AI coding agents are having their moment. Devin made headlines. SWE-bench became the benchmark everyone cites. Open-source alternatives like SWE-agent, OpenHands, and Aider are iterating fast. But beneath the demos and benchmark scores, the practical question remains: what can these systems actually do in production today?
We have been using AI agents in our own development workflow for months now. Here is an honest breakdown of where things stand.
// What an AI coding agent actually is
Strip away the marketing and an AI coding agent is an LLM in a loop with tools. It can read files, write files, execute commands, and observe the results. The loop continues until the task is done or the agent decides it is stuck.
The difference from a chatbot is agency — the model decides what to do next, not the user. It plans, acts, observes, and adjusts. This is powerful when it works. It is also where things go wrong when the model misunderstands the task or lacks context about the codebase.
// What works well today
- Well-scoped tasks: Bug fixes with clear reproduction steps, adding a new endpoint to an existing pattern, writing tests for existing code. When the task is bounded and the codebase conventions are clear, agents perform surprisingly well.
- Boilerplate and scaffolding: Generating CRUD operations, setting up project structures, implementing standard patterns. Agents excel at repetitive work that follows established templates.
- Code migration: Updating import paths, converting class components to hooks, migrating API versions. Mechanical transformations with clear before/after patterns.
- Documentation and tests: Writing docstrings, generating unit tests, creating README files. Tasks where the source of truth already exists in the code.
// What does not work yet
- Ambiguous requirements: “Make it faster” or “improve the UX” are still too vague. Agents need precise specs to produce useful output. The planning phase is where humans remain essential.

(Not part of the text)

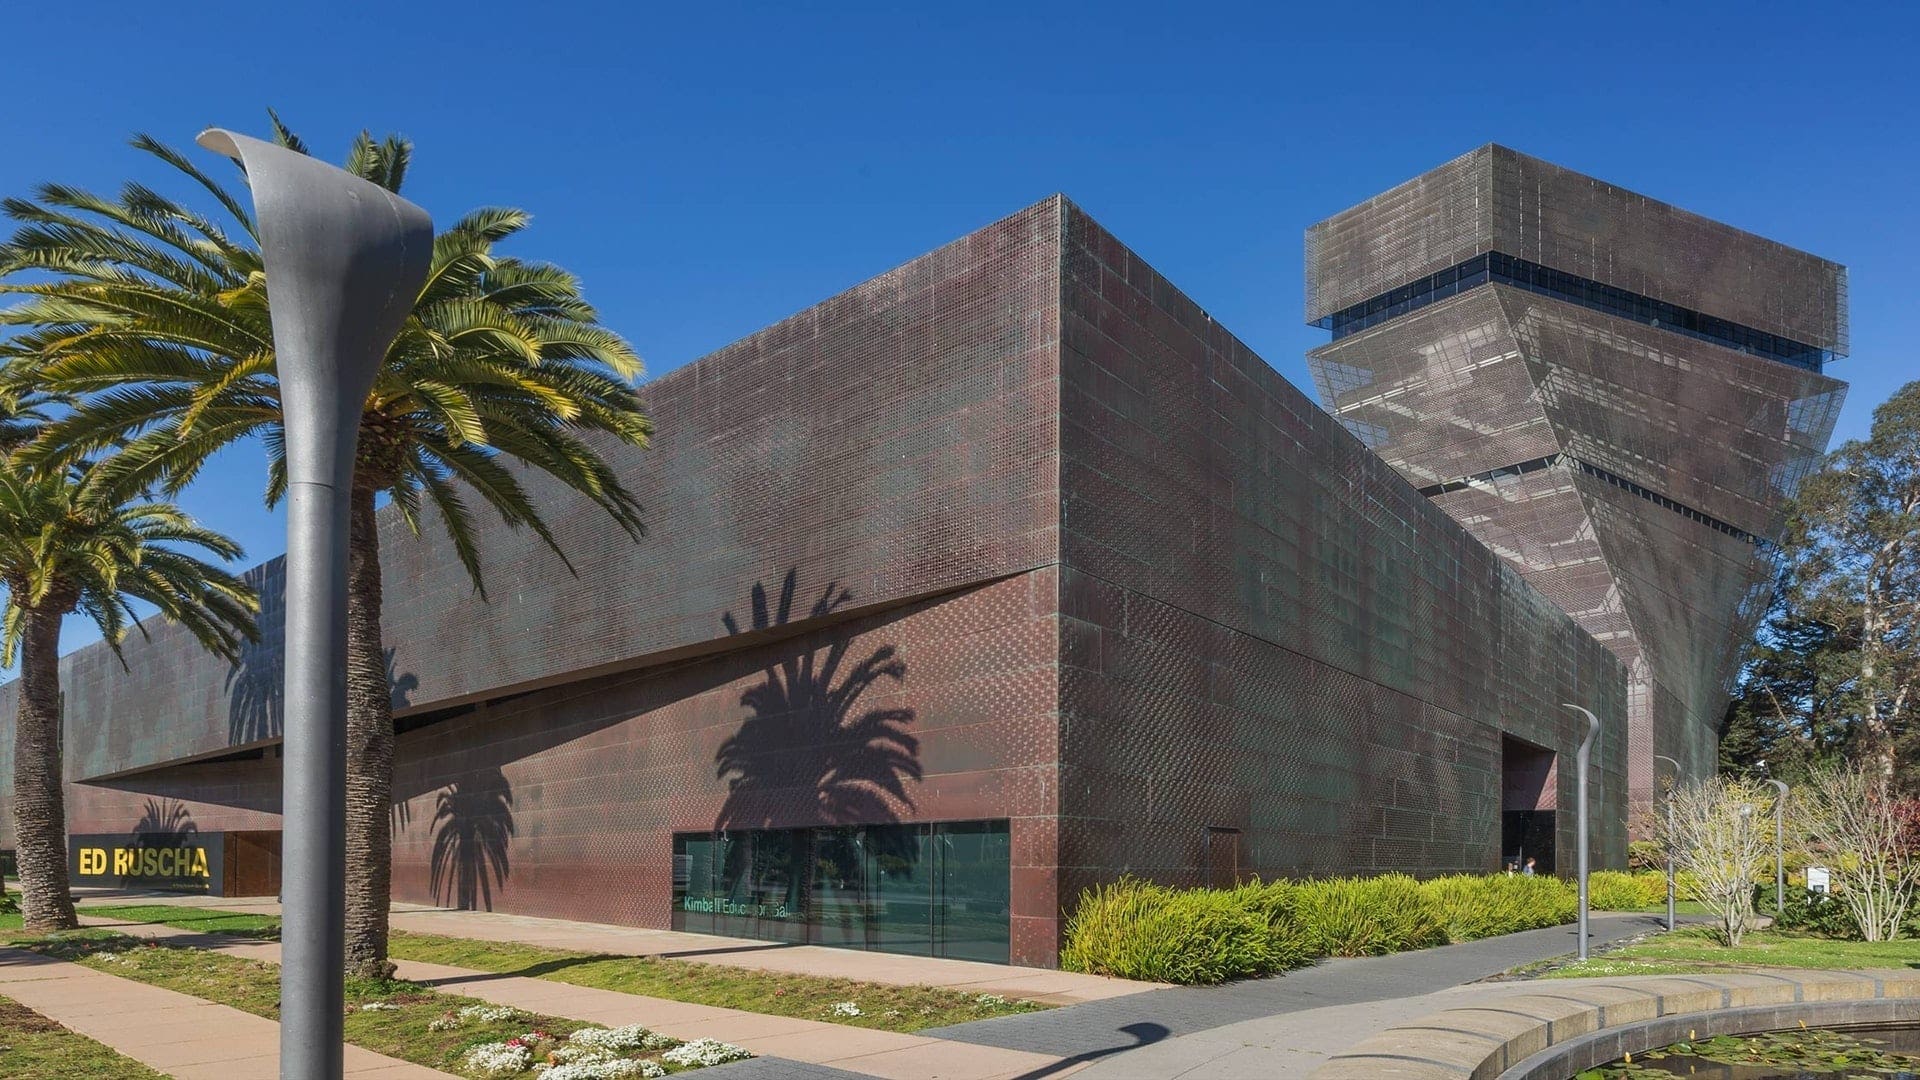 THE COPPER CLAD DE YOUNG MUSEUM IN SAN FRANCISCO, CALIFORNIA

- Large-scale refactors: Changes that touch dozens of files and require understanding system-wide implications. Context windows are bigger than ever, but they still cannot hold an entire production codebase.
- Novel architecture: Designing a new system from scratch where the right patterns are not obvious. Agents are strong pattern matchers, not original thinkers. They reproduce what they have seen, which is great for known problems and unreliable for novel ones.
- Debugging subtle issues: Race conditions, memory leaks, performance regressions — problems that require building a mental model of runtime behavior. Agents can try fixes, but they lack the deep system understanding that experienced developers bring.
// The orchestration problem
The single biggest limitation of current agents is not model quality — it is orchestration. An individual task might succeed, but chaining 20 tasks together reliably is a different problem entirely. Context management, error recovery, task dependencies, and progress tracking all need infrastructure around the model.
This is why we see frameworks like Claude Code, Cursor, and Windsurf investing heavily in the scaffolding around the model. The agent itself is table stakes. The system that keeps it on track is where the real engineering challenge lives.
// Our approach
We treat AI agents as junior developers who are fast, tireless, and good at following instructions — but who need clear specs, bounded tasks, and review checkpoints. The human role shifts from writing every line to defining the work, reviewing output, and handling the genuinely hard parts.
The best results come from investing in the spec. A well-written task description with clear acceptance criteria will outperform a vague prompt sent to any model, regardless of size or capability. Garbage in, garbage out still applies.
// The bottom line
AI coding agents are not replacing developers. They are changing what developers spend their time on. The teams that figure out the right division of labor — humans for architecture and judgment, agents for execution and iteration — will ship faster than those waiting for a fully autonomous solution that does not exist yet.